Providing Structured Pathways to Guide Students Toward Completion: Game Changers Series
Many students arrive at community college without clear goals for college and their careers. They receive little guidance prior to matriculation, do not meet with advisors, and/or accumulate many course credits that do not count toward their eventual program of study. Some even drop out of college before selecting a program.
To address these kinds of issues and to help students reach their college completion goals, some community colleges are creating structured pathways that allow students to explore their education and career options while also making progress toward a credential.

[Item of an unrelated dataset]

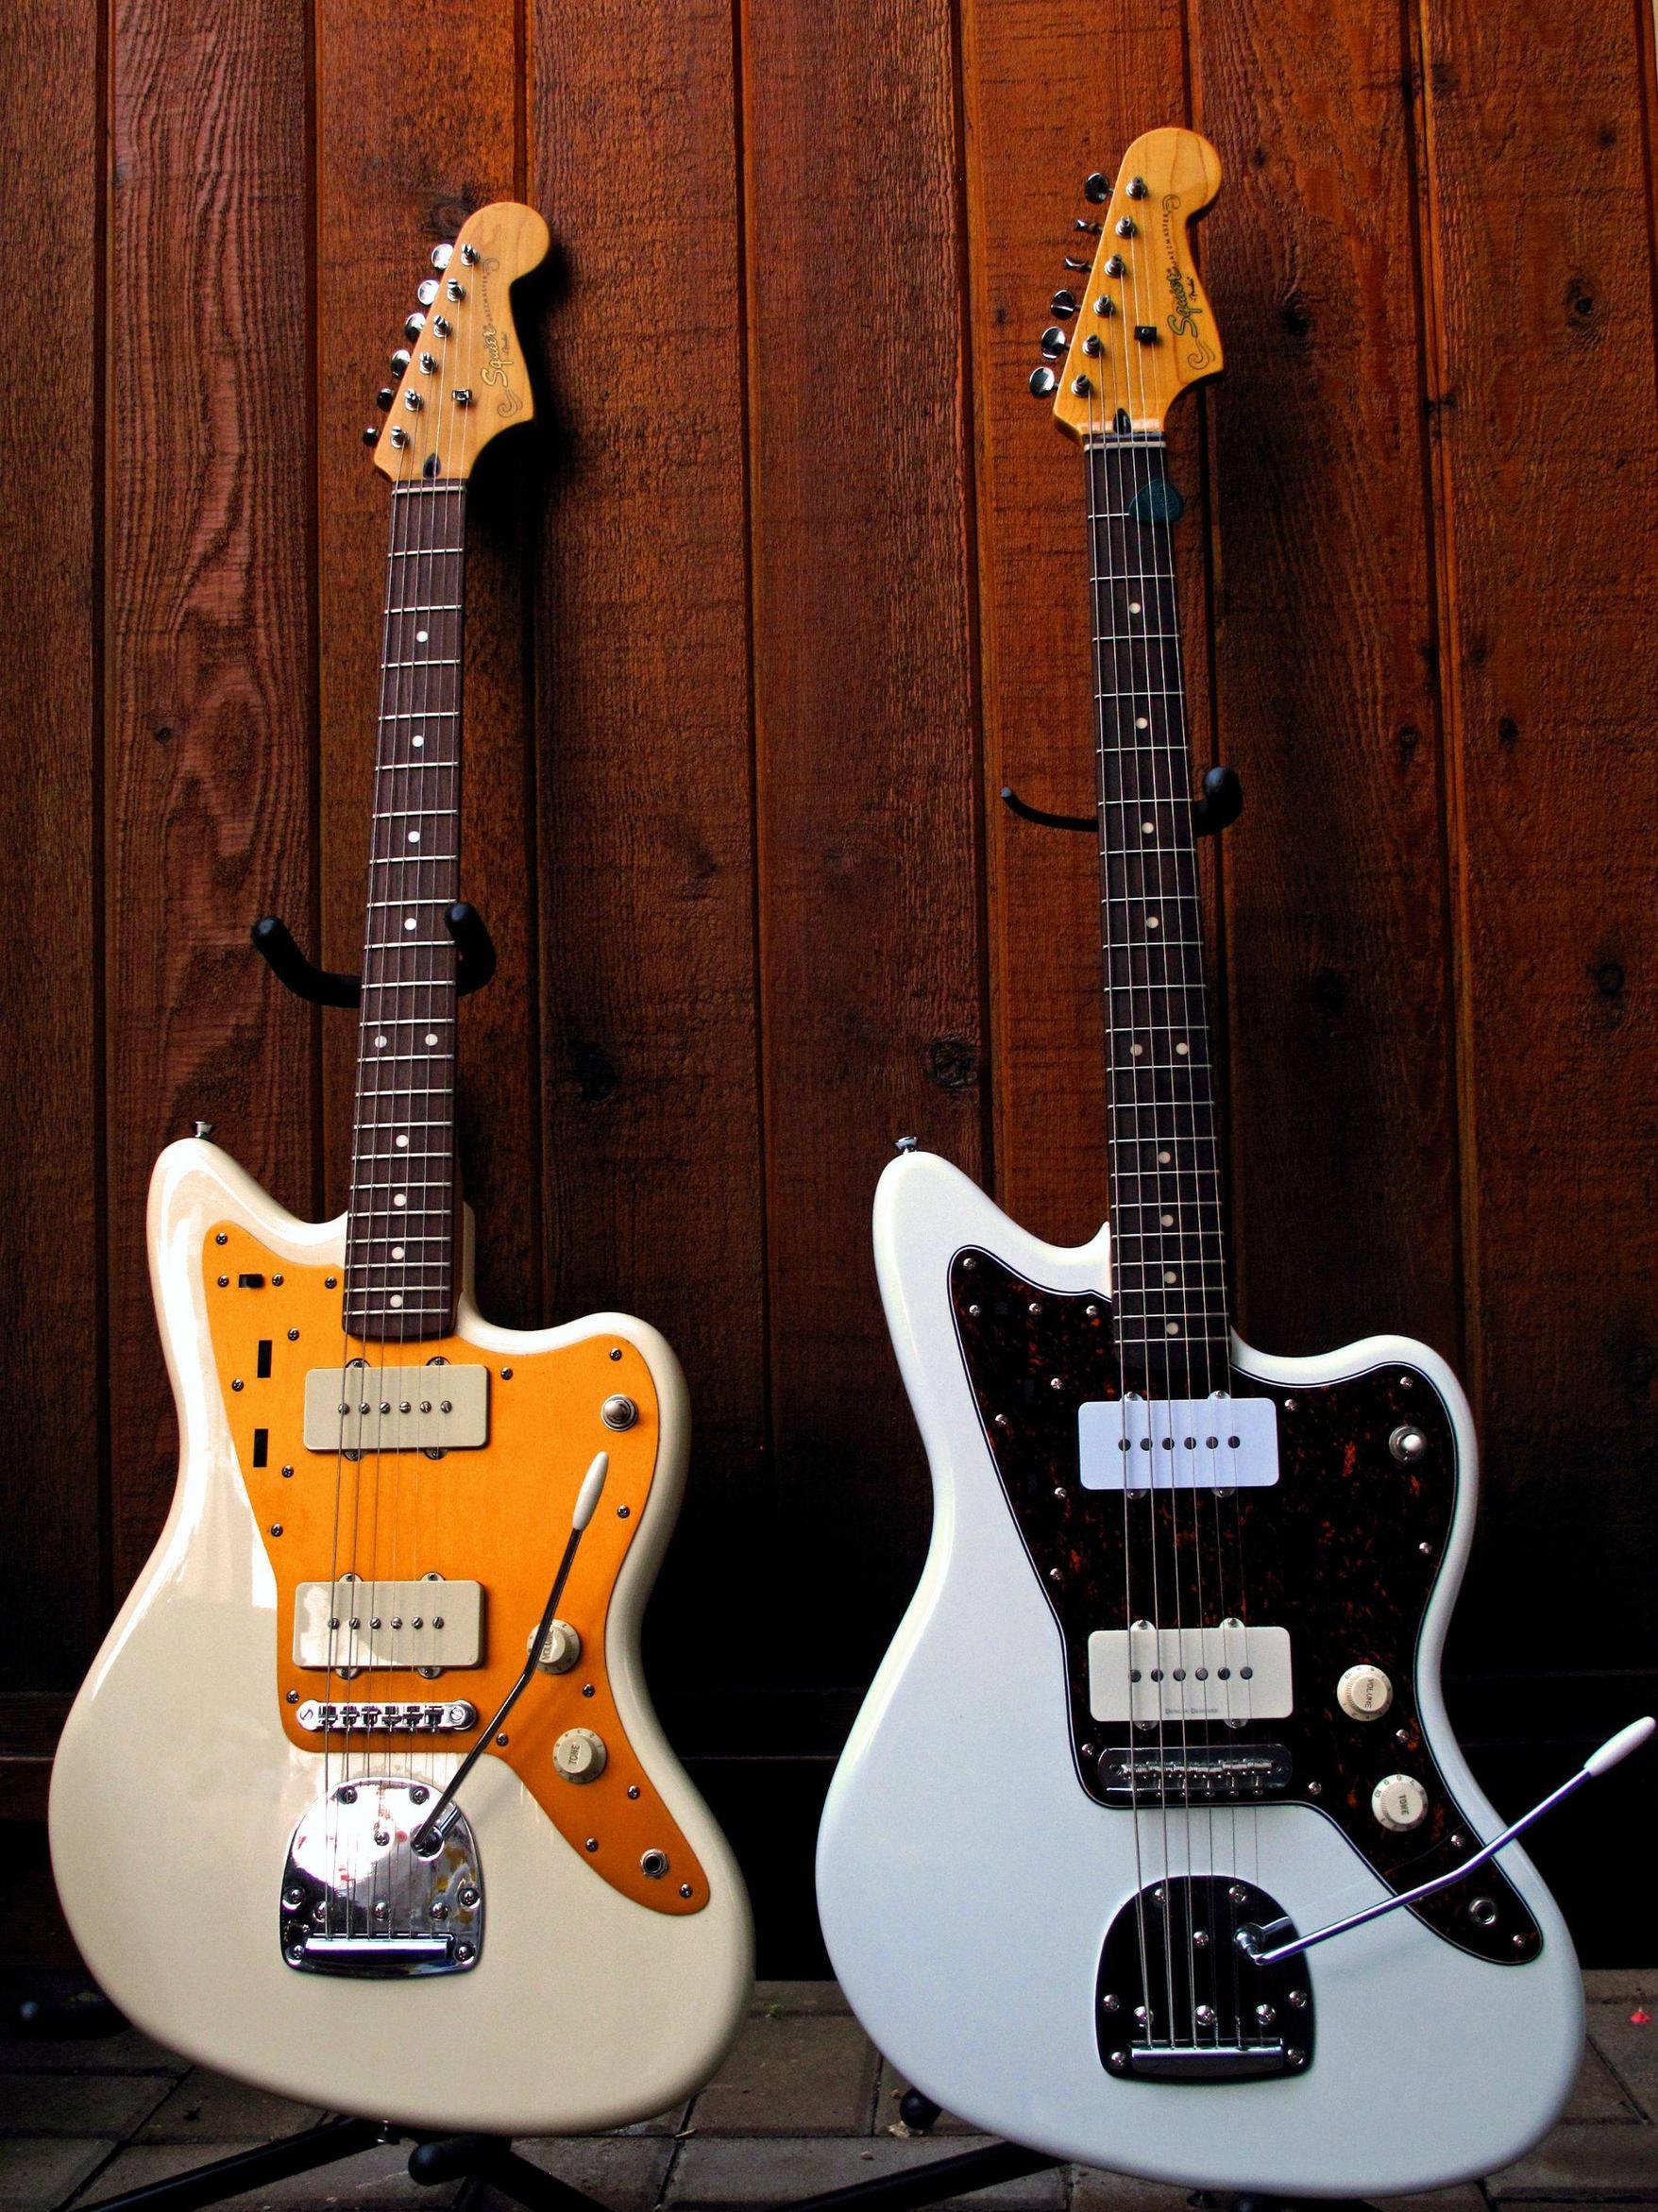 The Unique Guitar Blog December 2015 Jazzmaster 3 Way Switch

This report, produced by the Completion by Design initiative at WestEd, outlines some of the major issues that colleges are discussing or experimenting with that are related to the creation of more structured student pathways, including:
- Mandating intake processes that provide education and career counseling, inform students about programs that are related to their interests, and help students explore and develop education goals, career goals, and a degree plan
- Balancing flexibility and prescription in student selection of courses and majors
- Defining clear instructional programs enabling students to complete a program as quickly as possible
- Providing proactive and ongoing education and career advising, supports, and planning across each stage of student progress
- Increasing program alignment with employment and transfer opportunities
- Providing more structured pathways has the potential to affect all support services and instructional programs by requiring better communication and integration of services.
This report explains terms, provides examples of current efforts, and offers suggestions to help colleges with implementation.
Note: This is the second report in the Game Changers series, designed for use by colleges to generate discussion about innovative models for increasing completion rates substantially. Each topic is addressed through five sections—an overview, examples in practice, implementation challenges, sample engagement questions, and references. The sections are intended to be used separately or as a whole, depending on the audience and needs.